٥٢- وَلَقَدْ جِئْنَاهُم بِكِتَابٍ فَصَّلْنَاهُ عَلَى عِلْمٍ هُدًى وَرَحْمَةً لِّقَوْمٍ يُؤْمِنُونَ
52- Andolsun onlara getirdik bir kitab,açıkladık onu ilim ile.Bir hidayet,rahmet
olarak iman eden kavimlere.


٥٣- هَلْ يَنظُرُونَ إِلاَّ تَأْوِيلَهُ يَوْمَ يَأْتِي تَأْوِيلُهُ يَقُولُ الَّذِينَ نَسُوهُ مِن قَبْلُ قَدْ جَاءتْ رُسُلُ رَبِّنَا بِالْحَقِّ فَهَل لَّنَا مِن شُفَعَاء فَيَشْفَعُواْ لَنَا أَوْ نُرَدُّ فَنَعْمَلَ غَيْرَ الَّذِي كُنَّا نَعْمَلُ قَدْ خَسِرُواْ أَنفُسَهُمْ وَضَلَّ عَنْهُم مَّا كَانُواْ يَفْتَرُونَ
‎53- Bekliyorlar mı yalnız te'vilini? O gün gelir te'vili.
Diyecek onlardan önce unutanlar:"Gerçekten gelmişti Rasüller,Rabbimizden hak ile.Var mıdır bizim için hiçbir şefaatçi,şefaat edecek bize ya da döndürülelim de amel edelim,yapmadığımız amellerden!"
Muhakkak ki hüsrana uğradı nefisleri ve saptılar uydurmuş olduklarından!

(Te'vil:esasen bir şeyi sonucuna irca etmek, varacağına vardırmaktır.)

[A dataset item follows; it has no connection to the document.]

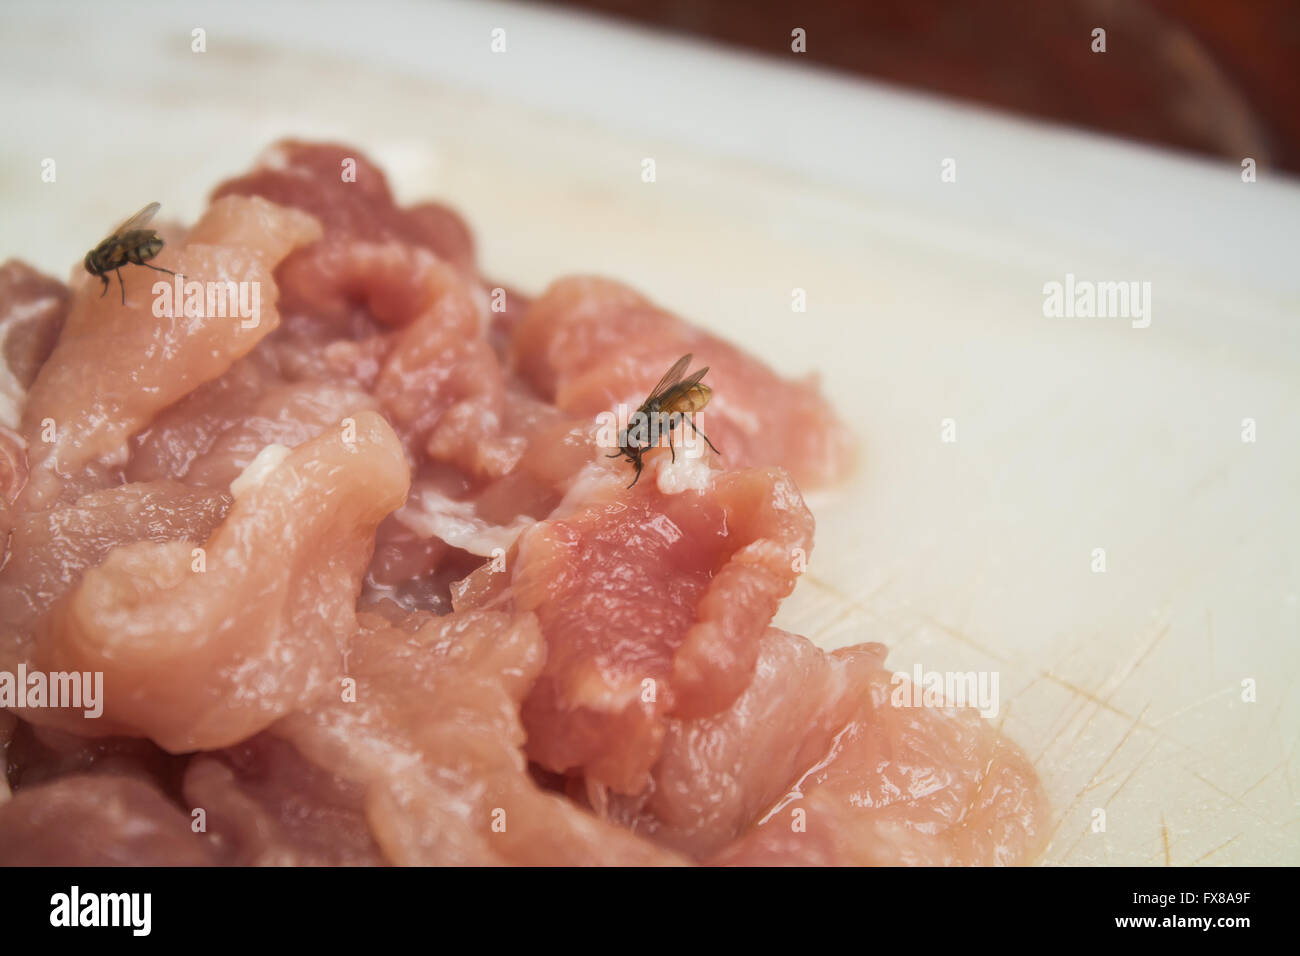 Porc contaminés sur le bloc de hachage en plastique avec mouche Banque D'Images

٥٤- إِنَّ رَبَّكُمُ اللّهُ الَّذِي خَلَقَ السَّمَاوَاتِ وَالأَرْضَ فِي سِتَّةِ أَيَّامٍ ثُمَّ اسْتَوَى عَلَى الْعَرْشِ يُغْشِي اللَّيْلَ النَّهَارَ يَطْلُبُهُ حَثِيثًا وَالشَّمْسَ وَالْقَمَرَ وَالنُّجُومَ مُسَخَّرَاتٍ بِأَمْرِهِ أَلاَ لَهُ الْخَلْقُ وَالأَمْرُ تَبَارَكَ اللّهُ رَبُّ الْعَالَمِينَ 
‎54- Muhakkak ki Rabbiniz Allahtır! Her birinizi yarattı, semavatı ve arzı altı günde.
Sonra istiva etti arşa,örttü geceyi,gündüz takib eder onu süratle ve güneş, ve ay,ve yıldızlar musahhar kılındı emriyle.
Değil midir O'nun,yaratmak ve emretmek?
Mübarektir Allah,Rabbidir alemlerin.

٥٥- ادْعُواْ رَبَّكُمْ تَضَرُّعًا وَخُفْيَةً إِنَّهُ لاَ يُحِبُّ الْمُعْتَدِينَ
55-Dua edin Rabbinize alçakgönüllüce ve gizlice!
Muhakkak ki O, sevmez haddi aşanları...

٥٦- وَلاَ تُفْسِدُواْ فِي الأَرْضِ بَعْدَ إِصْلاَحِهَا وَادْعُوهُ خَوْفًا وَطَمَعًا إِنَّ رَحْمَتَ اللّهِ قَرِيبٌ مِّنَ الْمُحْسِنِينَ
56-Fesad çıkarmayın yeryüzünde ıslahtan sonra.Dua edin O'na korku ve ümid ile.
Muhakkak ki,rahmeti Allah'ın, yakındır muhsinlere.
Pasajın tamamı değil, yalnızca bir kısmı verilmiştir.